Figure 6 shows a comparison of simulated and measured densities in a time span of 3 min. Solid lines correspond to the video footage, dashed lines to the simulation. The prediction from the simulator qualitatively reproduces the scenario quite well, that is, the peak density occurs in the area of observation, at the correct time, for the correct duration and in the correct order of magnitude.

However, the result somewhat overestimates the densities. Part of the differences can be explained by the influence of chance. The simulation is subject to random input as far as the velocities of the virtual pedestrians and their chosen trajectories are concerned. Only the distributions of the input and measurement parameters coincide. Therefore, for each new seed and for each new simulation the results differ and one cannot ever expect a complete match with the measurements.

We also suspect that the real pedestrians coordinate their movements better than the virtual pedestrians. The virtual pedestrians are quite ‘short sighted’ and take steps to avoid collision only when the actually ‘feel’ the potential of the other pedestrians. Real pedestrians are more likely to plan ahead. This is a typical disadvantage of high speed pedestrian stream simulators that need to restrict influences to a near field, so-called greedy algorithms, to keep computation times low.

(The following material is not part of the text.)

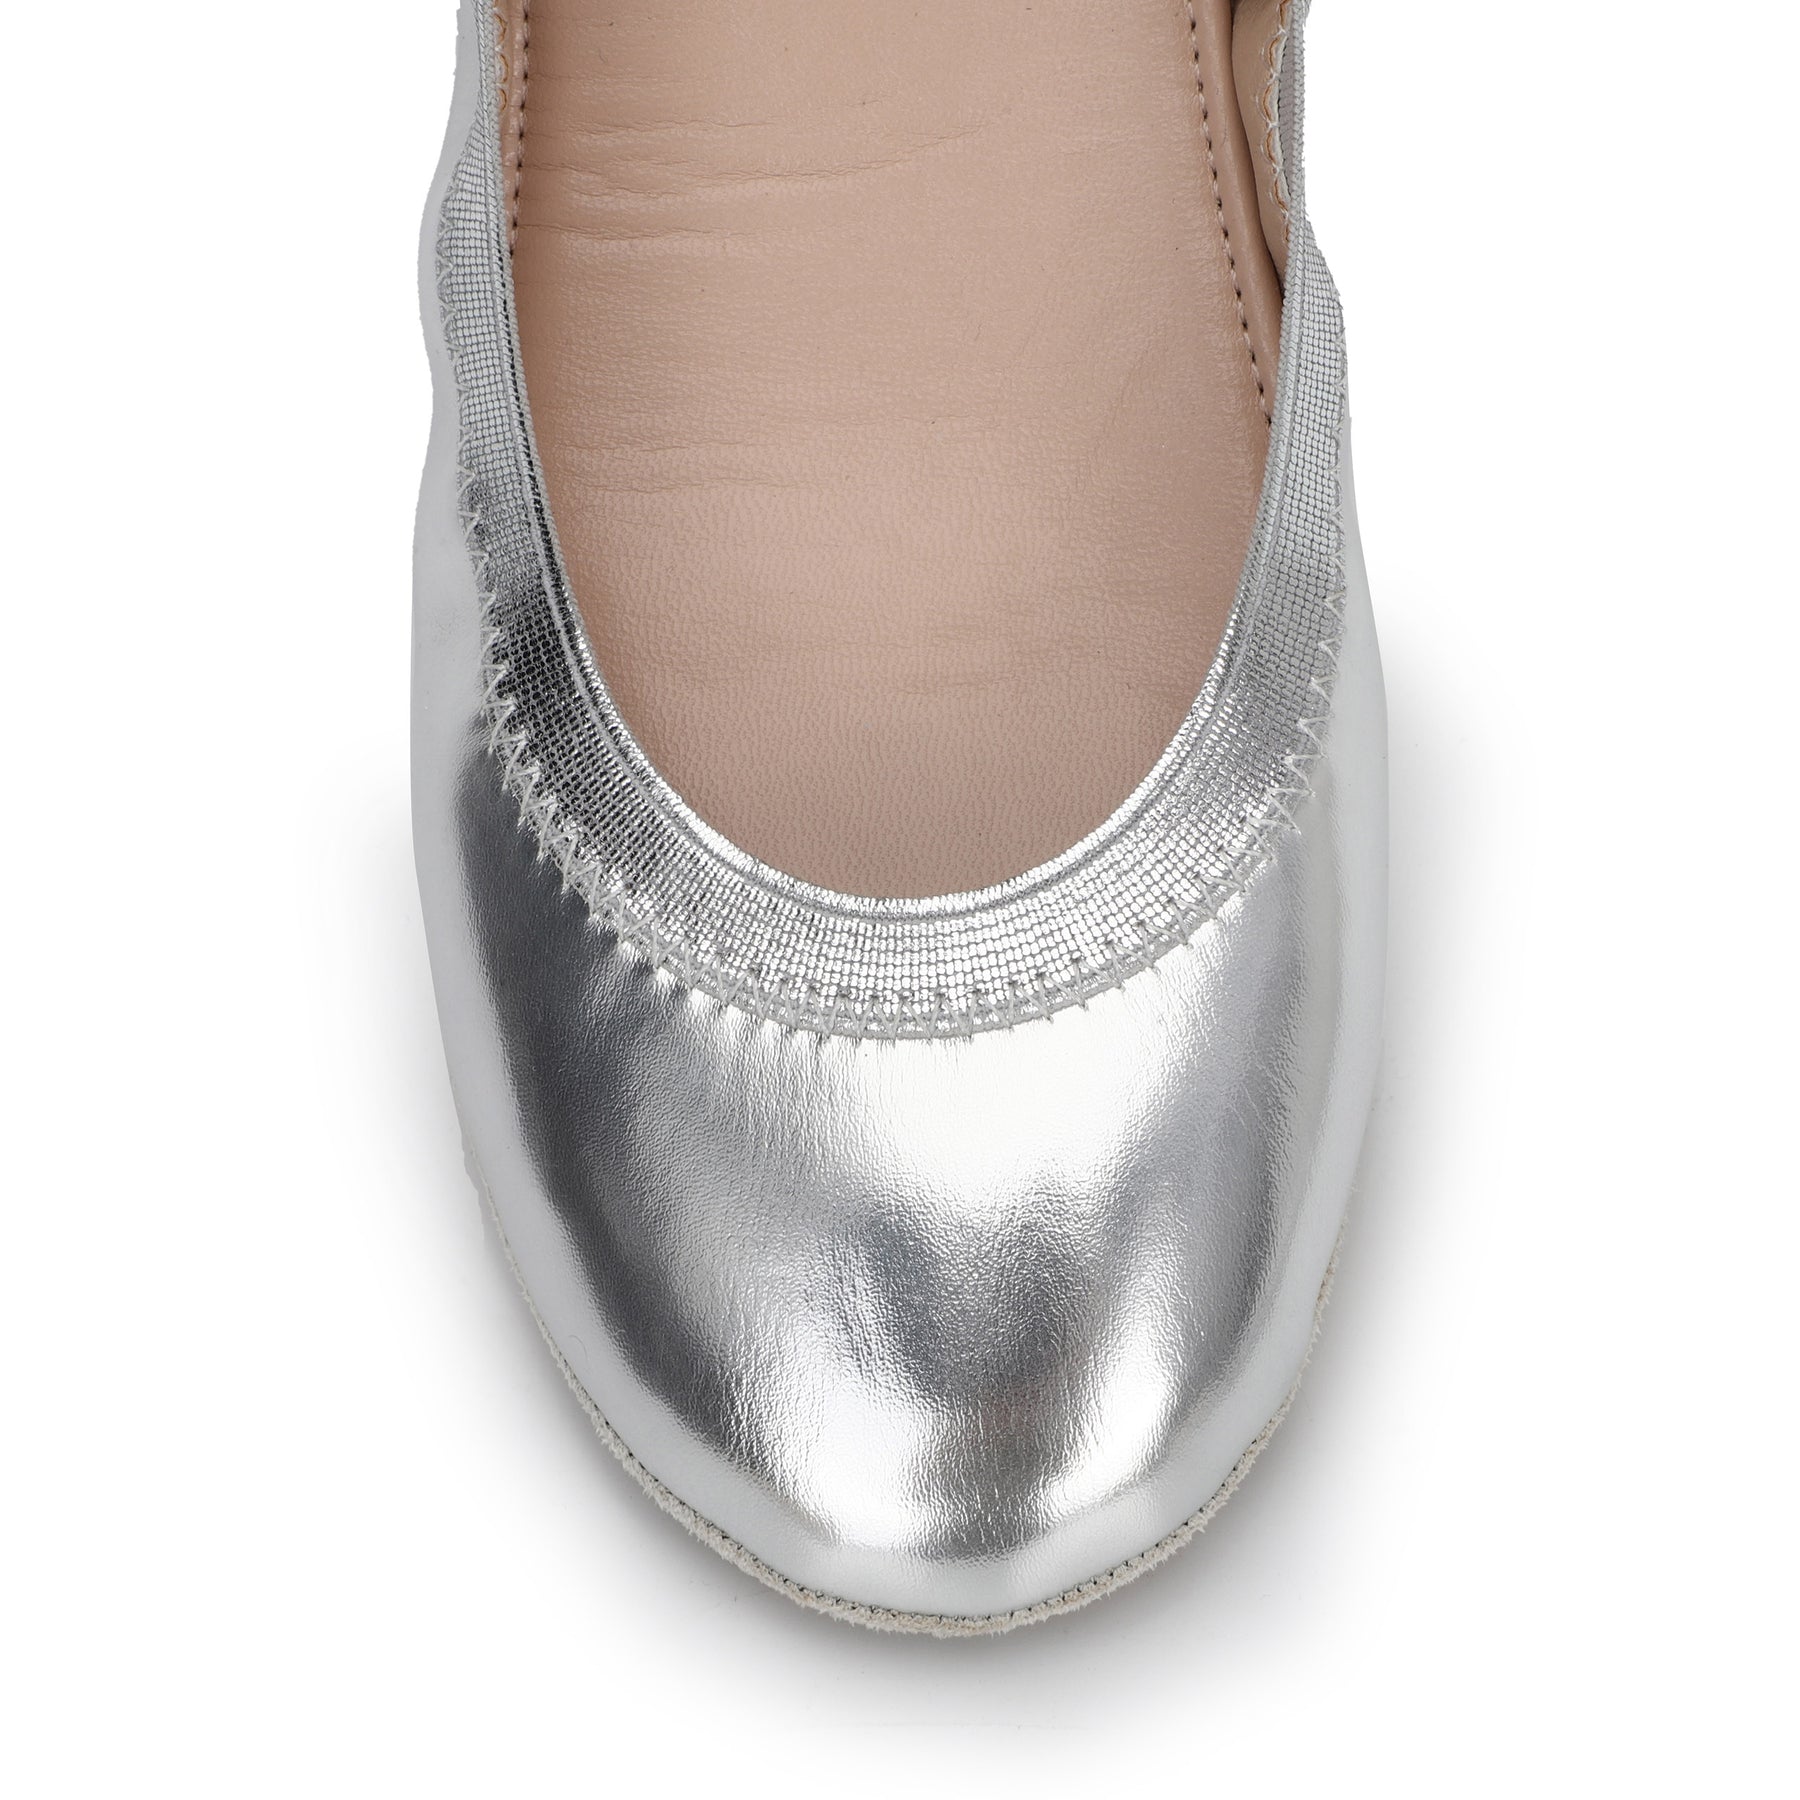 Nina Flat Ballerina - Shoes

The important question is whether this systematic overestimation is acceptable. In our case, we are interested in a warning system for potentially dangerous densities. Therefore we believe that slight overestimates can be tolerated, whereas underestimations would be inacceptable.

Fig. 6
figure 6

Comparison of measured densities from video footage (solid line) and simulated densities (dashed lines) when pedestrians are fed into the scenario with the source target distribution, the free-flow velocities and the density-flow relationship measured at the start of the scenario. One hundred eighty seconds (3 min) are simulated

6 Discussion and Next Steps

In this paper, we proposed a methodological approach to adjust pedestrian simulations to live scenarios. We applied the methodology to a complex live scenario at a major German railway station. The most important aspects and characteristics that are taken into account and should be adjusted are: the topology of a scenario, the positions of sources and targets and the statistical distribution of trajectories between sources and targets, the current schedule of pedestrian appearances and disappearances, the current distribution of free-flow velocities and the density-flow relationship. Some of the parameters are direct input parameters, others, like the density-flow relationship, must be used as target functions for parameter adjustments.

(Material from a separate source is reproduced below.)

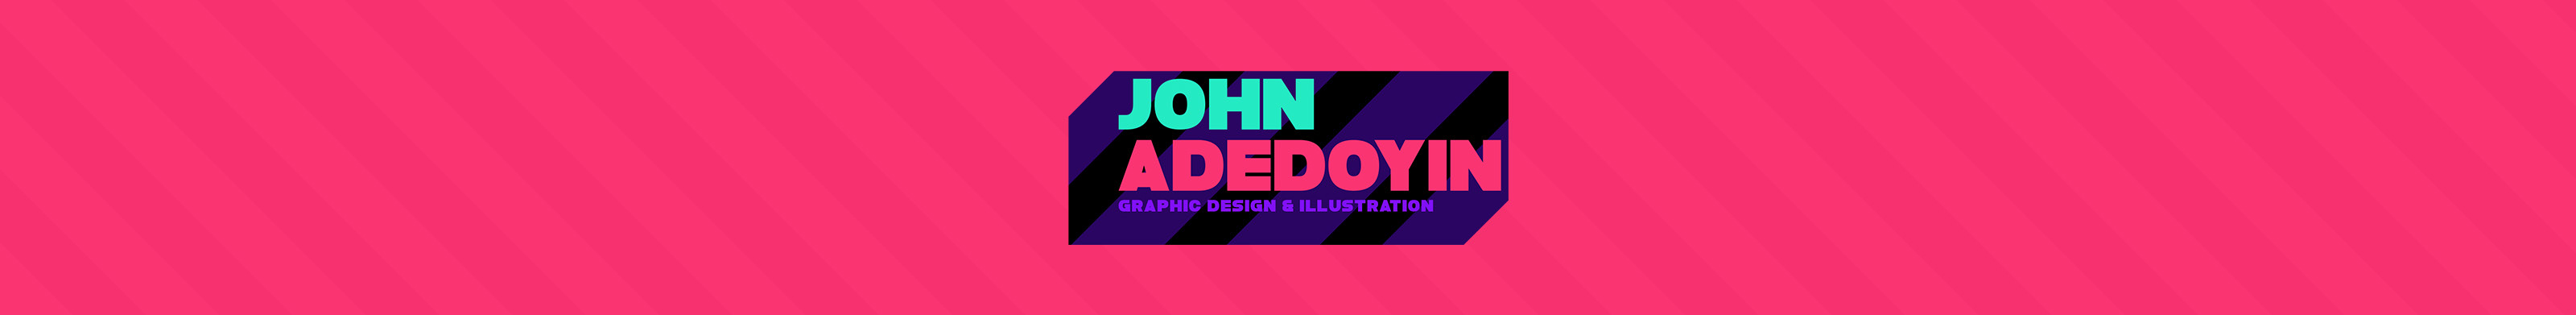 Banner profilu uživatele John Adedoyin

The analysis of the data from our live scenario revealed significant differences to known literature data [1], which underlines the importance of scenario specific measurements as input data and calibration to measured relationships, especially if predictive simulations are attempted. The success of the proposed approach has been tested by comparing the density evolution of the simulated data to the measured data in an area of observation. The simulation predicts the density evolution rather well at least qualitatively and also, to some extent, quantitiatively.